Internet Archive (currently) doesn't want to put their data on any cloud service. We believe it is crucial that people can easily access and analyze the data so we put it on various cloud platforms. We are talking with a few organizations about getting data donations that we could put in our corpus and make available to everyone, but nothing is settled enough that I can publicly comment on those potential partnerships yet.

link

danso 4695 days ago

The tables of TLD frequency on page 4 of the stats report are interesting, though it causes some confusion to me about how the crawler actually crawls and when it stops: https://docs.google.com/file/d/1_9698uglerxB9nAglvaHkEgU-iZN...

Table 2a purports to show the frequency of SLDs:

1 youtube.com 95,866,041 0.0250

2 blogspot.com 45,738,134 0.0119

3 tumblr.com 30,135,714 0.0079

4 flickr.com 9,942,237 0.0026

5 amazon.com 6,470,283 0.0017

6 google.com 2,782,762 0.0007

7 thefreedictionary.com 2,183,753 0.0006

8 tripod.com 1,874,452 0.0005

9 hotels.com 1,733,778 0.0005

10 flightaware.com 1,280,875 0.0003

If I'm reading this correctly, it seems that the crawler managed to hit up a huge number of youtube video pages...but only a fraction of them. I couldn't find a total number of Youtube video count, but Youtube's own stats page says 200 million videos alone have been tagged with Content-ID (identified as belonging to movie/tv studios).

In any case, it's surprising to not see Wikipedia on there. English wikipedia has 4+ million articles, so it should be ahead of thefreedictionary.com

link

wicknicks 4695 days ago

Good crawlers should typically avoid wikipedia links, to avoid the number of HTTP requests on wiki servers (and keep their costs down), esp. because they make available whole data dumps for download through a separate cheaper channel: http://en.wikipedia.org/wiki/Wikipedia:Database_download

link

gojomo 4695 days ago

Yes and no.

Some crawlers are most interested in freshest versions of the most inlinked articles, or in the exact HTML presentation at Wikipedia.
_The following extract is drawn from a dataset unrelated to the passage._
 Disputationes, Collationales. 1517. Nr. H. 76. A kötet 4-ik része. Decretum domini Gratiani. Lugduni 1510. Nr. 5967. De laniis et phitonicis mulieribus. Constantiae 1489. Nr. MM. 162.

The monthly full raw wikitext dumps don't provide that.

And, Wikipedia's serving plant is pretty efficient, with bandwidth only being a small portion of their costs. They can afford some crawling... and correspondingly, their /robots.txt is pretty open.
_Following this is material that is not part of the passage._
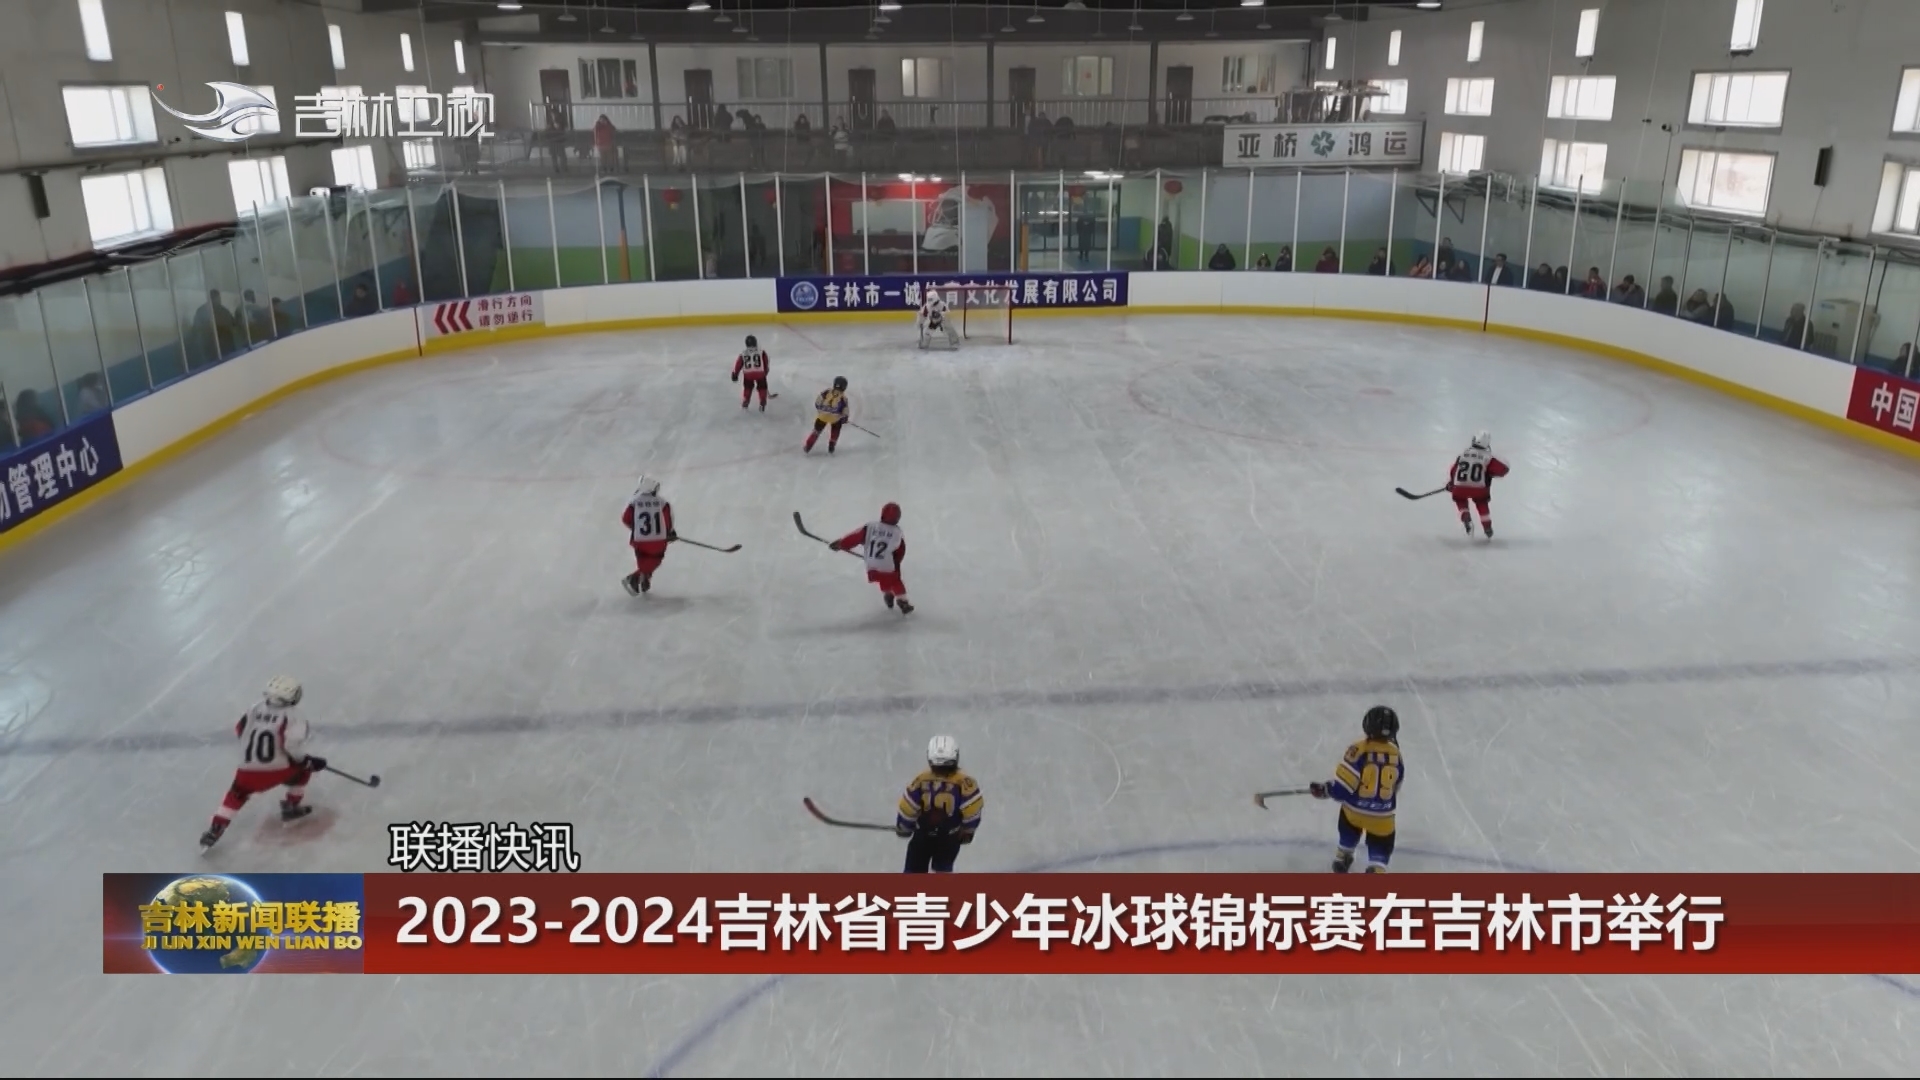 【联播快讯】2023-2024吉林省青少年冰球锦标赛在吉林市举行

Good crawlers seeking just the bulk text shouldn't try to grab the whole thing as fast as possible via the standard web URLs... but other good crawlers may want or need to visit discovered Wikipedia links, and doing so at a measured pace should be OK.

link

greglindahl 4695 days ago

blekko attempted to implement crawling a local copy, and it was a PITA. We'd rather crawl the real thing with a crawl-delay of 1. Best would be if the Wikimedia Foundation made a .html dump available.

link

jjwiseman 4695 days ago

There are at least 2.5M English wikipedia pages indexed in the crawl:

  $ cci_lookup org.wikipedia.en | wc -l
  2516956

(See https://github.com/wiseman/common_crawl_index, but note that the index is incomplete.)

link

spimmy 4695 days ago

What do you mean by "open"? Can the data be used for startups and other commercial purposes?

link

Aloisius 4695 days ago

Yes! Startups/commercial companies/etc can all use the data for free. The terms of use basically say, don't do anything illegal with it and a few other things, but it shouldn't affect the vast majority of uses.
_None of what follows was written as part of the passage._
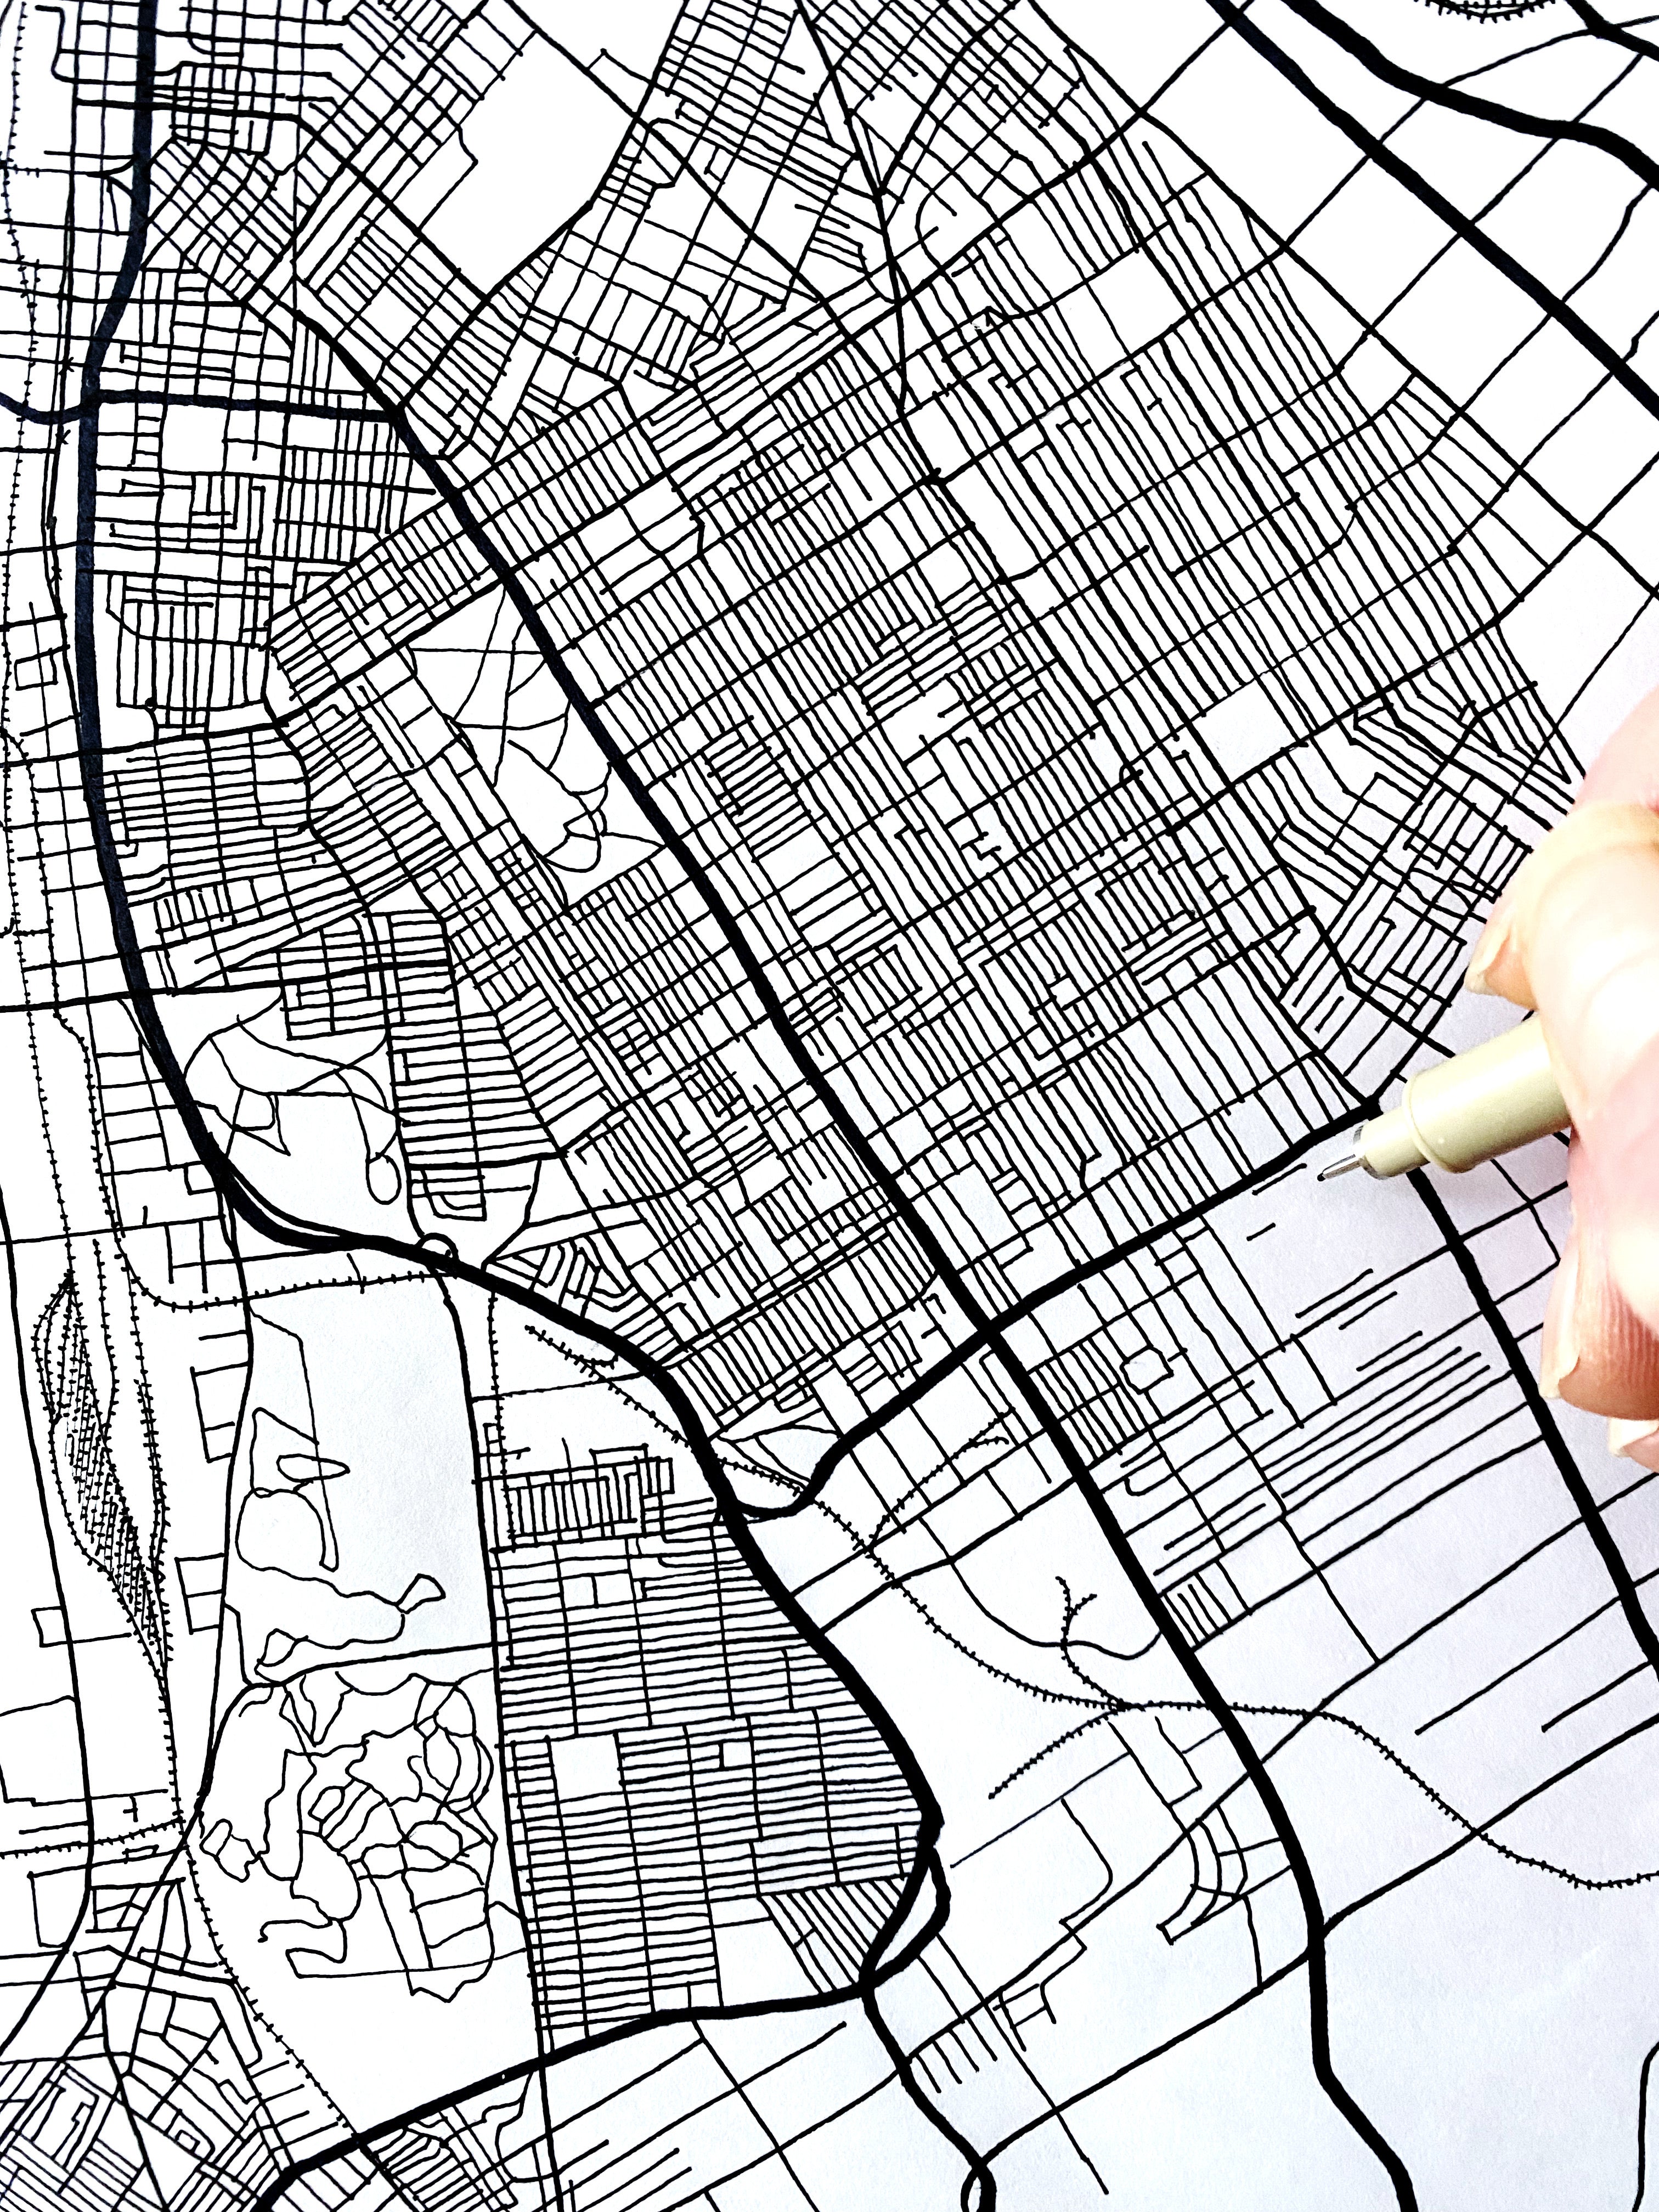 ST. LOUIS Watercolor City Blocks Map: ORIGINAL PAINTING

Actually, tomorrow a video on a startup that uses Common Crawl data is getting posted.

link

CrazedGeek 4695 days ago

From the FAQ: "Please refer to the Common Crawl Terms of Use document for a detailed, authoritative description of our Terms of Use guidelines, but, in general, you cannot republish the data retrieved from the crawl (unless allowed by fair use), you cannot resell access to the service, you cannot use the crawl data for any illegal purposes, and you must respect the Terms of Use of the sites we crawl."

http://commoncrawl.org/about/terms-of-use/

link

res0nat0r 4695 days ago

The data is freely available: http://aws.amazon.com/datasets/41740

and you just need to comply with the Common Crawl TOU: http://commoncrawl.org/about/terms-of-use/

link

natch 4695 days ago

How does one get set up to access the s3:// links their blog posts reference? I do realize these point to Amazon S3 buckets, but how to get at them?

link

WestCoastJustin 4695 days ago

Just replace 's3://' with 'https://s3.amazonaws.com/'. You can use this link [1], but it looks like most of them are returning "Access Denied", so you would likely need to login with your AWS username/password to access them.

[1] https://s3.amazonaws.com/aws-publicdatasets/

link

Aloisius 4695 days ago

You need an Amazon account - though the data is available for free, I think you need to specify your access key to actually fetch it.

From there you can grab the S3 command line tools (http://s3tools.org/s3cmd) or load it up from hadoop or through one of the various open source libraries (boto for instance).

link